If, in homeland Iran, the citizens make a living or simply survive the country’s shambles, by pretence and hypocrisy, adjusting as they may to the theocratic dogmas, the diasporas are masters of subterfuge, for whom the truth in the form of exposure of their divisions can be a cause of losing face. The subject is carefully avoided in public. Hiding behind a fig leaf, Iranianess has become a way of life.

The diasporas have a common country they have left behind, but their attitudes towards the home country show how ambiguous and ambivalent they are.

It is the division and subdivisions that have empowered the ruling clerics and have driven us into a cul-de-sac from which escape seems impossible. Of this, every exiled Iranian is aware, if they cared to ponder. But rare are those who would admit it in public, especially when others, i.e. Westerners, are present. The subterfuge is a denial of what is happening in the Islamic Republic of Iran by hiding behind a fig leaf, Iranianess, a diasporic creation.

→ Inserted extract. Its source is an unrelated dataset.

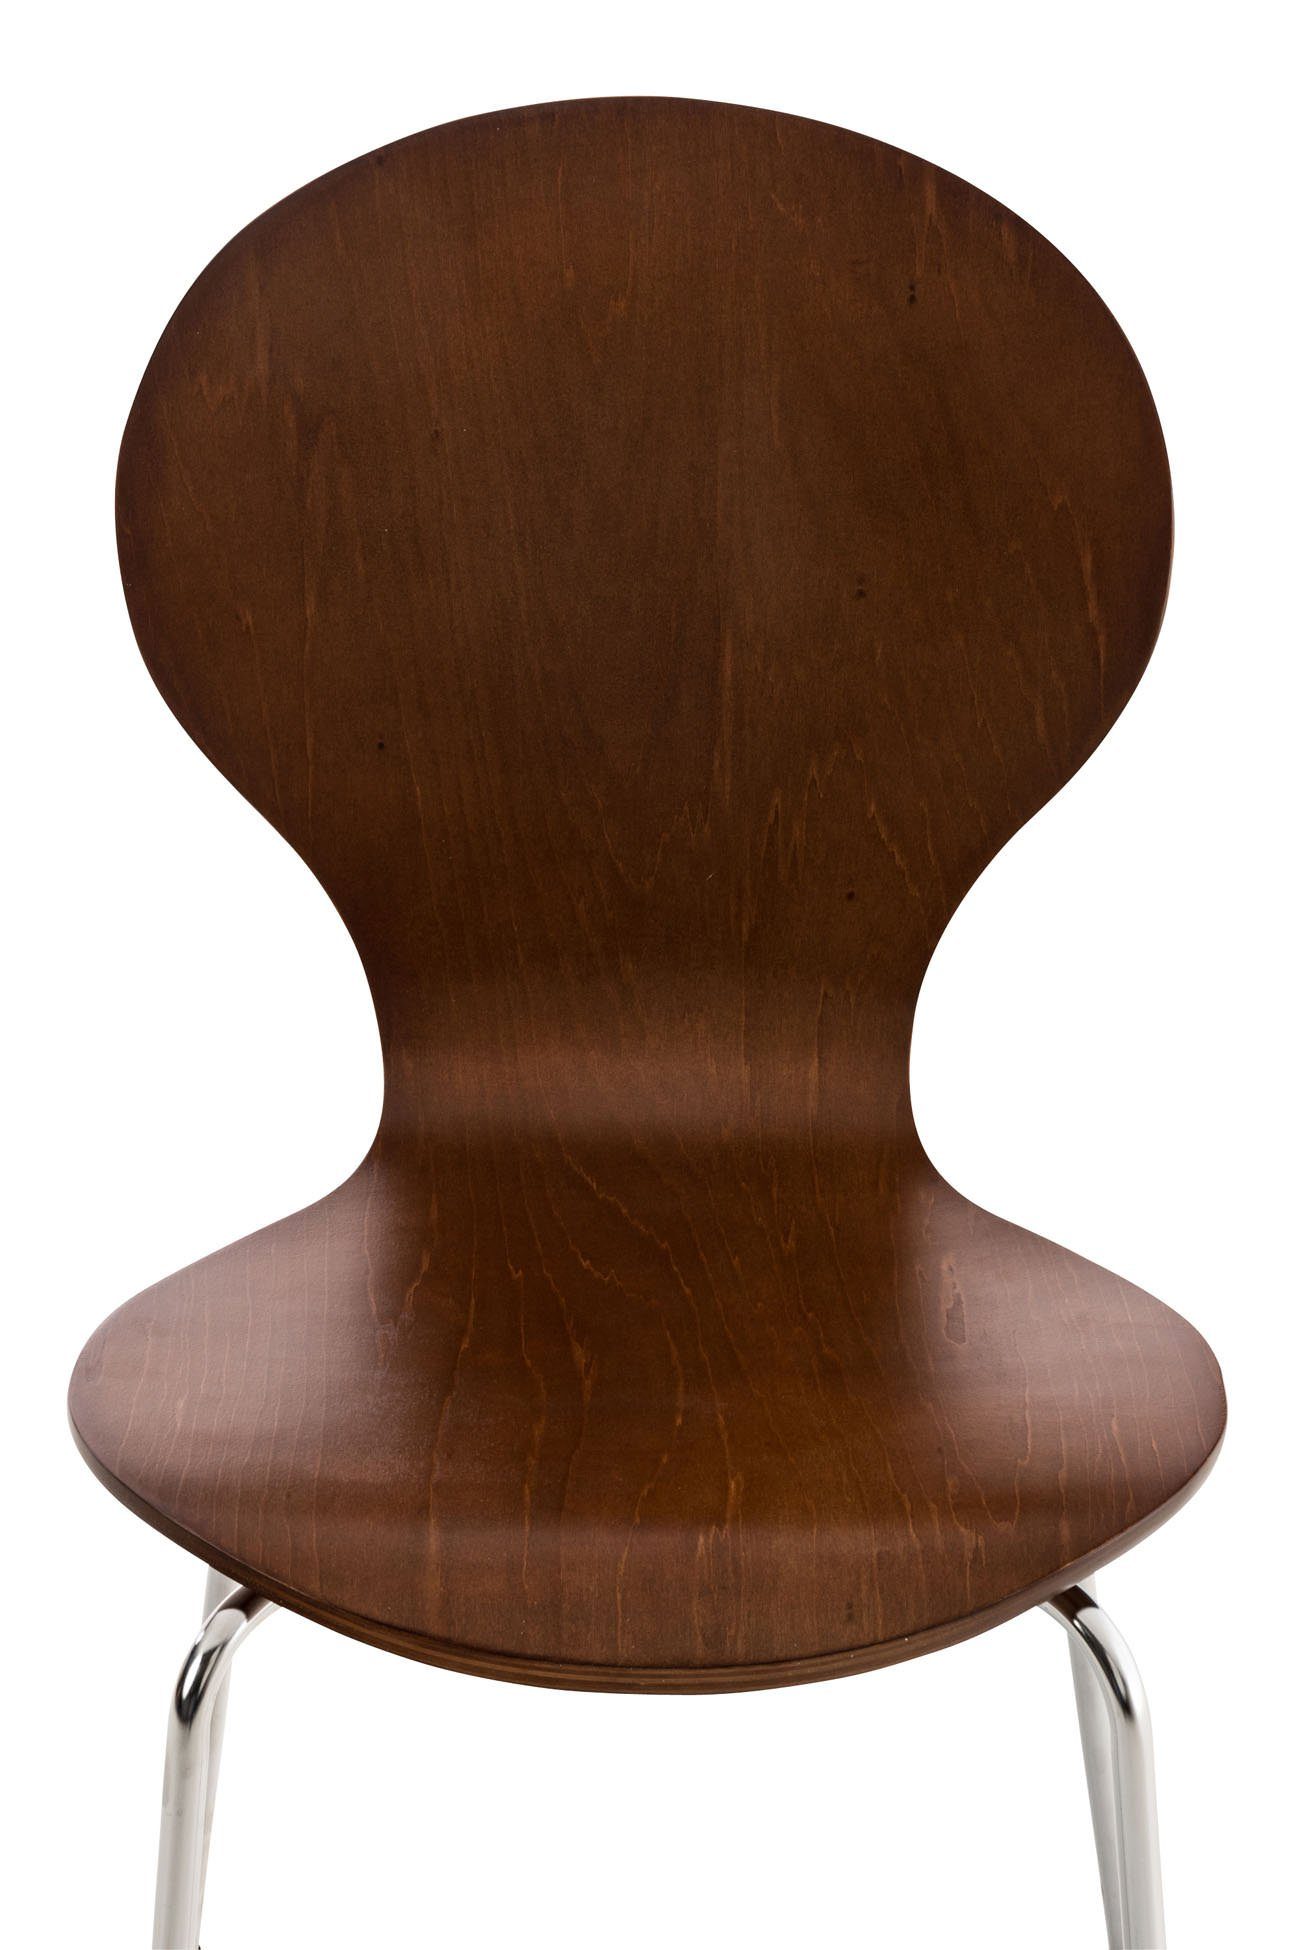 TPFLiving Besucherstuhl braun Holz - Konferenzstuhl ergonomisch - Warteraumstuhl - mit Sitzfläche: Gestell: Messestuhl), - chrom Metall Daggy Sitzfläche (Besprechungsstuhl geformter

Iranianess: Token for What?

Iranianess (in French: Iranitude) was a word coined and used about two decades ago. Neither Iranian nor Persian identities were self-explanatory and quite a few diasporic authors felt the urge of coining a further concept: the Iranianess.

It expounds Iranians in a positive and favourable light in the writings and interviews. However, it is unclear to me what it holds or how it would collectively assemble millions of self-absorbed individuals driven by a powerful centrifugal force.

Many authors use the word as if it was a clear description of some phenomenon understood by all and sundry. A few studies in which the representation of Iran and Iranians is discussed in relation to the migrants from other countries, for example Mexicans, Turks, Iraqis…, take the word for granted with little or no exploration.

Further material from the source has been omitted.